BBKA Forum

British Beekeepers Association Official Forum 

  • Swarm prevention without splitting

  • Beginners forum, ask beekeeping related questions and get help from other experienced beekeepers. Please use the Search Feature please to avoid duplicated threads
Beginners forum, ask beekeeping related questions and get help from other experienced beekeepers. Please use the Search Feature please to avoid duplicated threads
 #10723  by RDGBEES
 30 Apr 2021, 09:49
Hi,

I'm a beginner bee keeper and have 2 hives. This is the maximum number of hives I can have due to space.

My question is how can I prevent swarming without creating an artificial swarm and increasing my hive numbers?

Thanks.
 #10725  by NigelP
 30 Apr 2021, 11:55
Once they get it into their heads to swarm can't really prevent it without doing some sort of split.
I would suggest you read up on Snelgrove method 2 and do a vertical split, that way your hive footprint will stay at 2.
 #10726  by Patrick
 30 Apr 2021, 12:12
Great question and welcome to the Forum. It’s always assumed everyone has lots of space and wants / needs more colonies.

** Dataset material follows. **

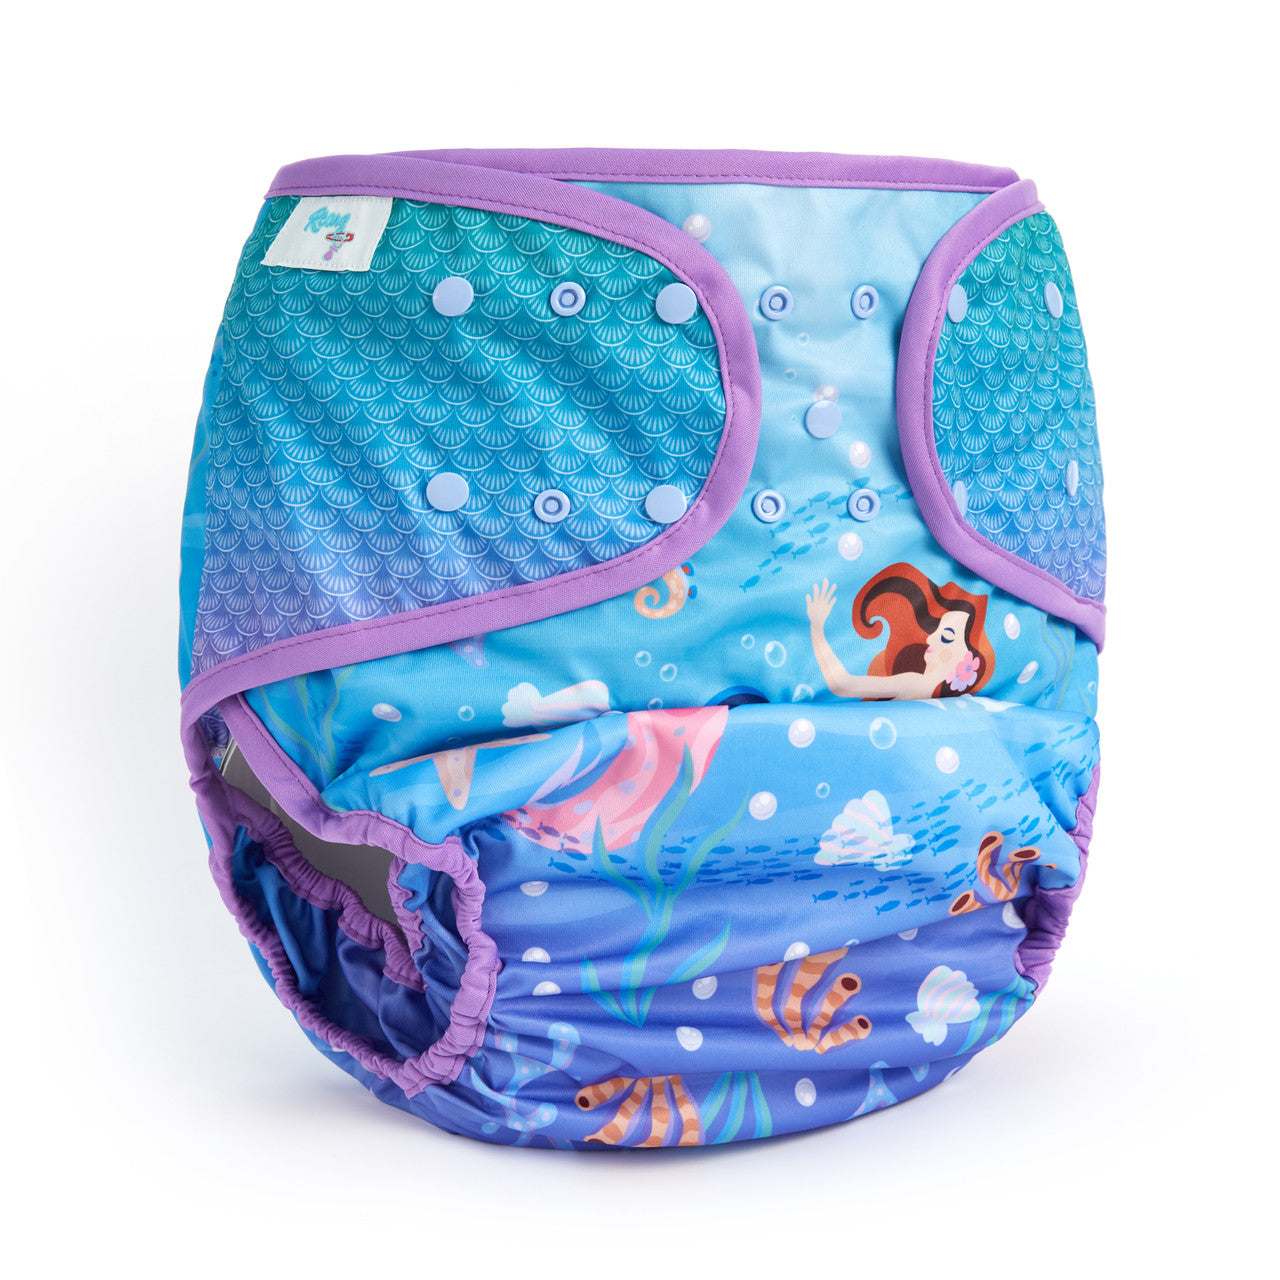 FLASH SALE! Rearz MEGA Disposable Diaper: Mermaid Tales

To reduce the likelihood of swarming it’s the standard stuff around keeping younger queens, having less swarmy strains of queens, providing space ahead of their needs, swapping brood from over strong colonies to weaker ones, regular inspections to spot queen cells etc. However, bees swarm as a natural part of their reproductive cycle so swarming is also an expression of them doing well, so will be attempted at some stage. As a starter I would just concentrate on giving them enough space and regular inspections for queen cells.

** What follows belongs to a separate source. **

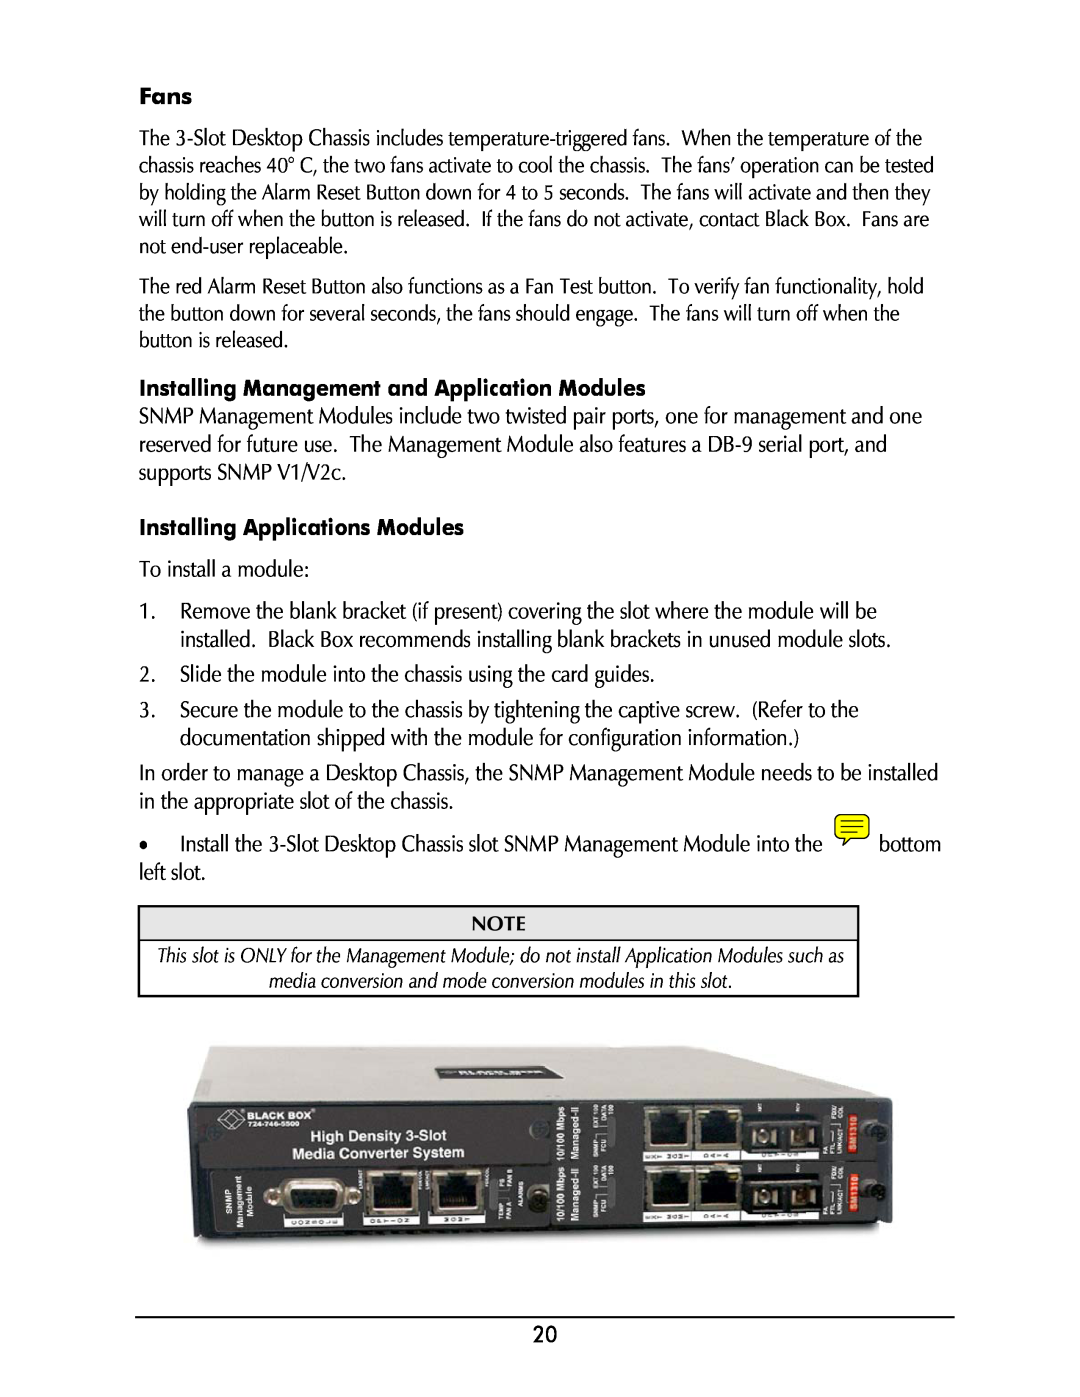 Black Box LMC5203A, LMC5208A-R2 manual Fans, Installing Management and Application Modules, Installing Applications Modules

Maybe your question is how if they try to swarm (ie start queen cells), do I stop them leaving without buying more hives? What many of us do is still make splits but do it vertically on the same hive stand. You can look up various splits online (Snelgrove, Snelgrove II, Demaree, Pagden) but most are based on version of separating the queen and brood. That way, all you need is an extra brood box with frames and an extra crown board to its feed holes blocked off and a notch cut out the rim to act as a entrance - known as a split board.

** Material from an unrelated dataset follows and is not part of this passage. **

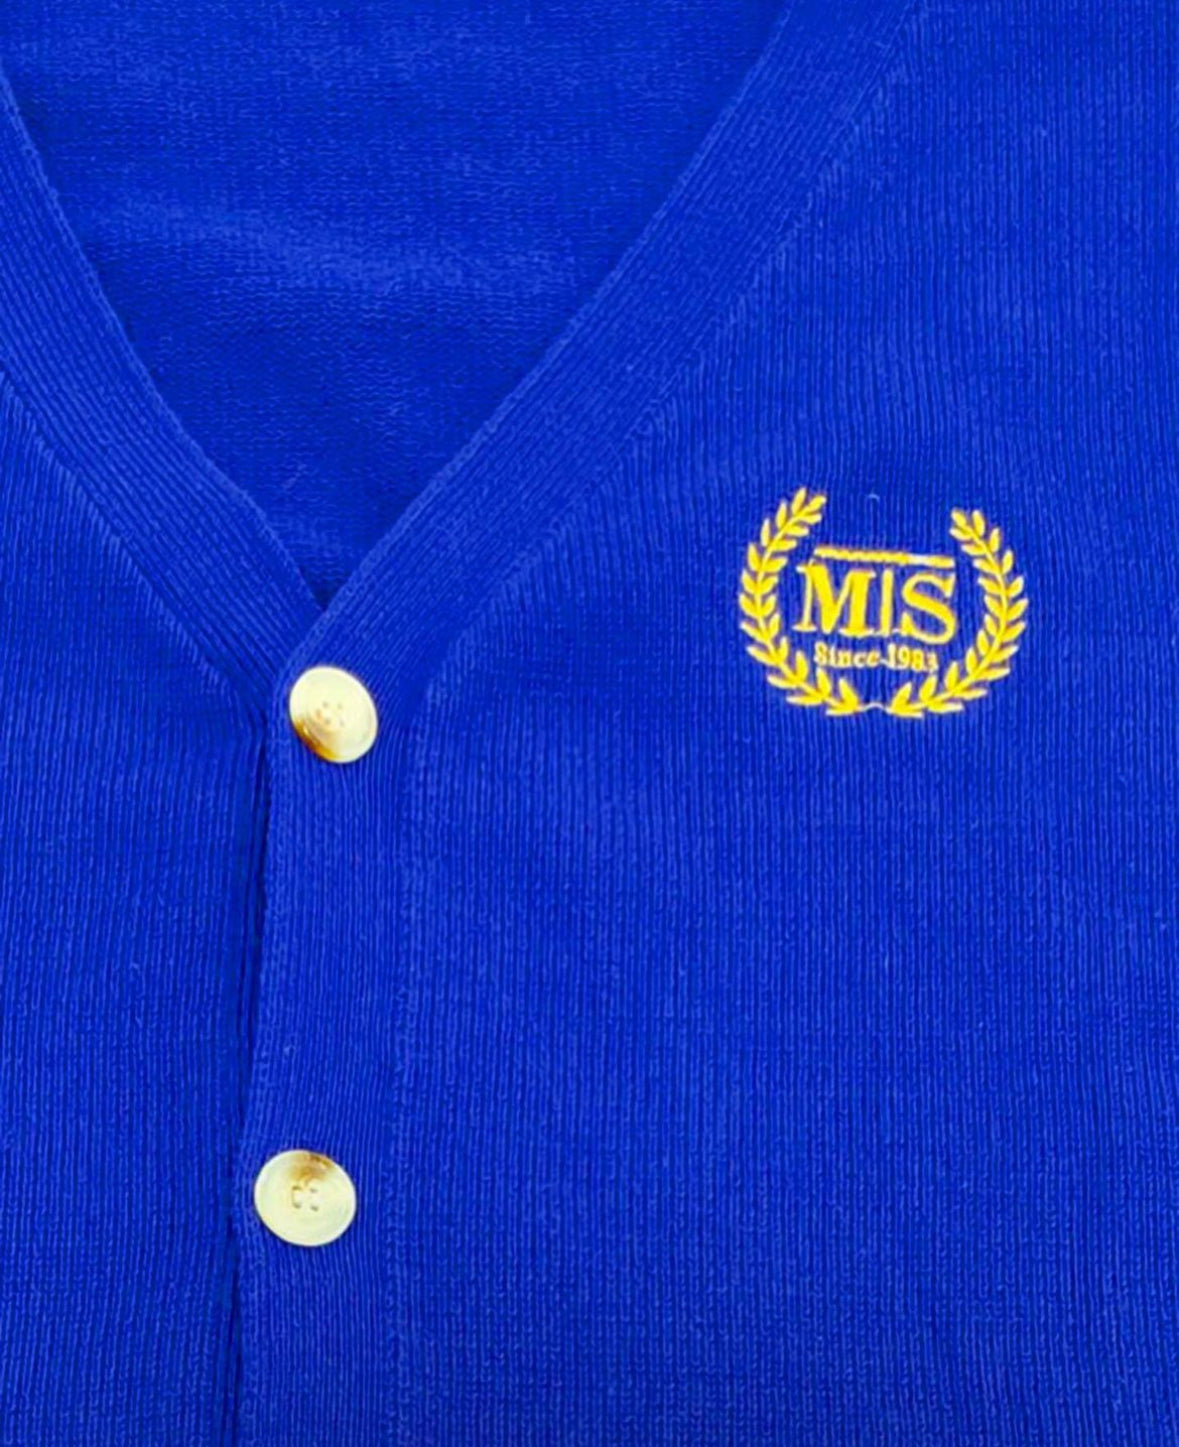 Signature MTS 1983 Cardigan Sweater

You do your swarm split but the artificial swarm box instead of being to one side just goes on the top of your existing hive stack, split board with entrance slot 90 degrees to the normal entrance and the new brood box over that. Simples.

Minimal extra kit, and effective. Once they have settled down, they are on the same stack so easy to unite hack. You can do other things but more options are not always helpful! I currently use the Snelgrove II method described by Wally Shaw, as its reliable and simple. Hope that helps.
 #10728  by RDGBEES
 30 Apr 2021, 12:27
That has really eased my anxiety regarding splits without increasing the number of hives. I really appreciate you guys taking the time to reply thank you
 #10744  by Kris1978
 03 May 2021, 11:25
Hi.

On a similar subject I did a walk away split last week. They seem to be doing ok - I say walk away I have this week added some addition frames of foundation as they have built up a little - but my question is the hive I took the split from are still wanting to swarm.

They have built more Queen cells, they have eggs in them & appear determined to go. I have given them more space with 2no supers on the hive. One of them is 3/4 full already.

The question is do I now let them swarm or carry on removing the Queen cells? Am I just better to let them do what they want to do early as opposed to having a problem a month on from now when the urge is still there?
 #10746  by NigelP
 03 May 2021, 18:00
I would suggest you need to do some sort of swarm control on them. Giving more space when they are determined to swarm doesn't help. You need to wait out the scout bees (responsible for swarming urge) to turn into foragers,
I'm a big fan of Snelgrove and various variations of his method. If you read his method 2 (when swarm cells are present) stick the queen with the swarm cells away from the flying bees and all you queen cells will be torn down.
Too good to be true .......but it works (so far) 100% of the time in my hands,
 #10749  by AdamD
 04 May 2021, 09:24
Welcome to the forum Kris;
There are a different ways that a walkaway split can be performed - Do I assume that 'your' walkaway split means that the flyers are now no longer with the parent colony? In which case the swarming urge should reduce although it can take a few days, so a removal of queencells could be tried - as long as you don't miss one! If you have split the colony in two and a lot of the flyers are still with the queen, then the 'splitting' has not been severe enough to change the colony's behaviour in which case I would consider moving the queenright colony to lose the flyers into the other colony that's raising a queen. Or use a Snelgrove board if you have one.